Lupe Cajías es sinónimo de periodismo en Bolivia. Cuando la conocí, de pura casualidad —como casi todo lo que ocurre en la vida—, ella se batía con su exigencia acostumbrada para atender hasta el más mínimo detalle de la Cumbre de la Comunidad Andina de Naciones en Sucre, una ciudad que en 1997 prácticamente se estrenaba en la organización de eventos de semejante envergadura.
Yo, que he trabajado junto con ella y –permítaseme la licencia autorreferencial– este es uno de mis mayores orgullos, la recuerdo siempre como una maestra puntual (estricta con los horarios, tanto que no parece boliviana) y, a la vez que disciplinada en lo laboral, pendiente del trato humano, de la caricia al alma para sus equipos profesionales –a los que, dicho sea de paso, seleccionaba cuidadosamente–.
Como buena líder, en un medio adverso, generalmente dominado por la mediocridad, creía en los equipos, es decir, en el aliciente individual para sacar lo mejor de cada uno y en la interrelación eficaz para el cumplimiento de objetivos y la consecución de metas.
Por eso me emociona el acto de justicia que acaban de cometer sus colegas al otorgarle el Premio Nacional de Periodismo, que es también, a mi modo de ver, un reconocimiento a su aporte a la cultura y, en concreto, a la producción intelectual en el país. Homenaje, además, al granito de arena que fue para La Paz y Bolivia la Fundación Cajías, institución entrañable que ella sostuvo hasta el final junto con sus hermanos, dignos herederos de don Huáscar siendo, por su visión holística del mundo, formadores de nuevas generaciones de estudiosos de distintas ramas del saber humano.
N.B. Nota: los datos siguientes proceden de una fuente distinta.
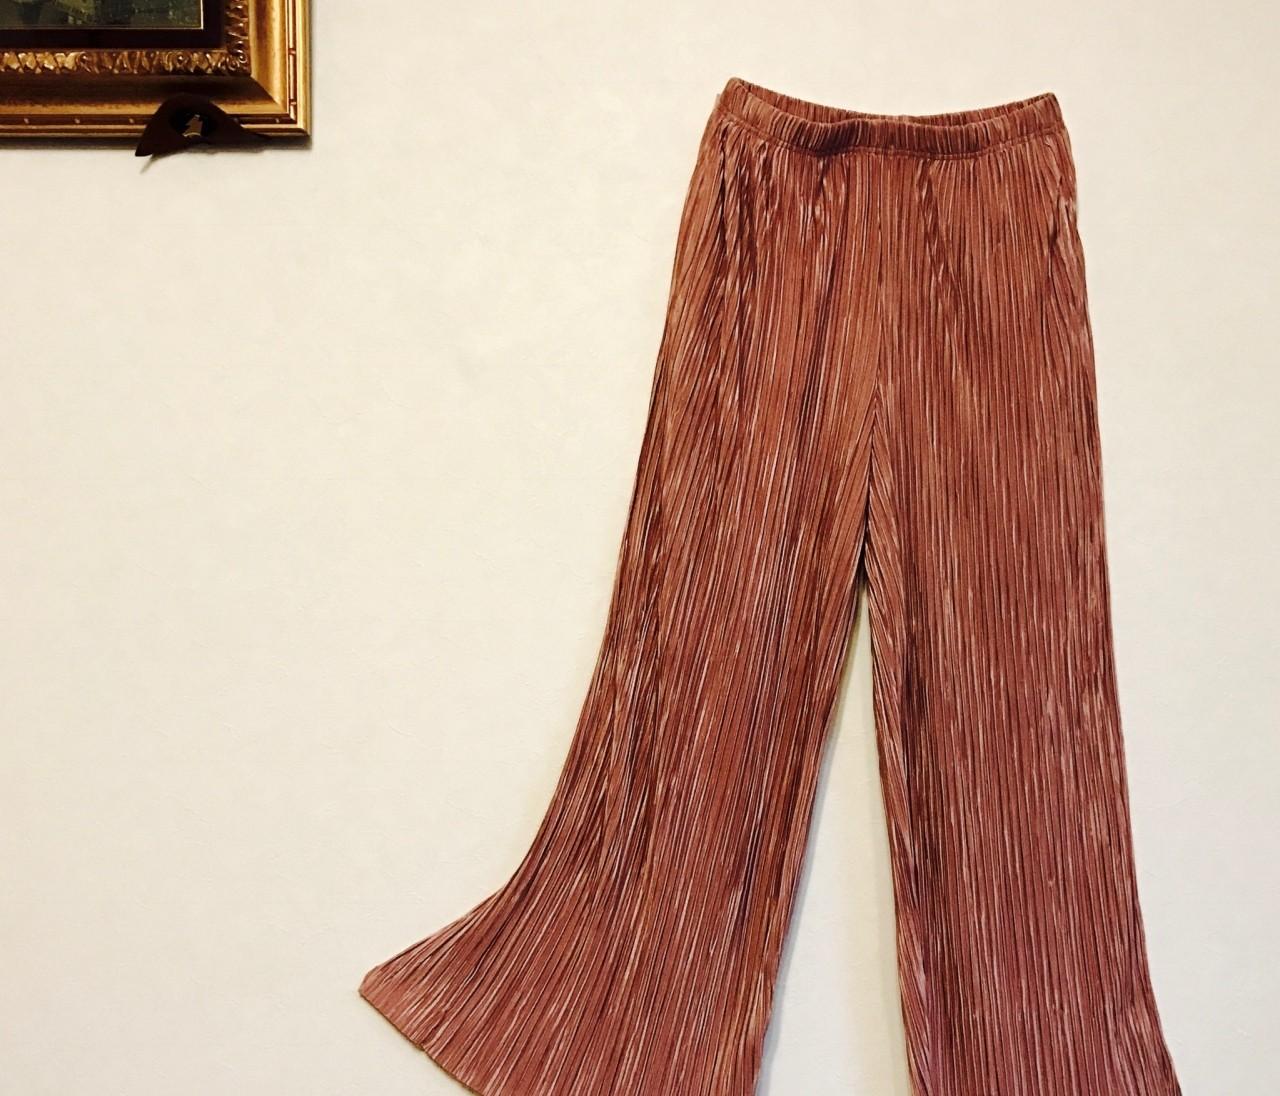 【#しまパト 冬の陣】で買ったパンツ+タイツ+靴下が神すぎる件❤︎

Habiendo dedicado su vida a la palabra y a la (defensa de la) búsqueda de la verdad y el bien común, incursionó en todos los géneros del periodismo, en el que se codeó –y aprendió– con varios de los más grandes de la generación dorada. En medio de la vorágine de fines de los setenta, cuando la democracia apenas se vislumbraba, Lupe tuvo la capacidad de iniciarse en el oficio y de encontrar en el camino el difícil equilibrio de la esposa y madre con la periodista.
Fiel a su genio aventurero, a su observación de reportera y a su necesidad de compartir con los demás aquello que siente y le preocupa –comunicadora al fin–, Lupe fue una precursora de la moderna crónica de viajes, ese artefacto periodístico que hoy goza de fama y prestigio y que se cultiva con lecturas, estudio y mucho trabajo, pero que sobre todo se nutre de experiencia –todavía más– de (con)vivencia.
Desde su lugar de mujer de valores inquebrantables, opina con una mirada analítica y cuestionadora, y su voz tiene peso por su claridad y lucidez. El día que recibió el premio más importante al que puede aspirar un periodista en el país, hizo hincapié en la libertad de pensamiento –qué duda cabe– la base para la libertad de expresión, y denunció con valentía que al actual gobierno no le gusta la prensa libre. En esa línea, sostuvo que el presidente y el vicepresidente son “enemigos de la libertad de prensa en Bolivia”.
“La libertad de la palabra es la generadora de todas las grandes potencialidades del ser humano, particularmente del periodismo”, dejó dicho, además, en la misma gala.
Harían bien los gobernantes en temer a periodistas como Lupe Cajías, pues al menos ella tiene algo reservado para unos pocos escogidos: el poder de la palabra que concita la atención. Quien la escucha o lee sabe que nunca será tiempo perdido, que no obtendrá de su palabra nada intrascendente. Ese es un don del que pueden preciarse únicamente los verdaderos maestros. ¿Cuántos de estos quedan en la actualidad?
El mismo don del liderazgo que otros utilizan para torcer la realidad y así beneficiarse de los efectos miserables de eso que hoy conocemos como la posverdad, Lupe Cajías supo practicarlo a lo largo de su carrera pero de manera positiva, con apego a los principios esenciales del periodismo. Y lo hizo con calidad y calidez profesional.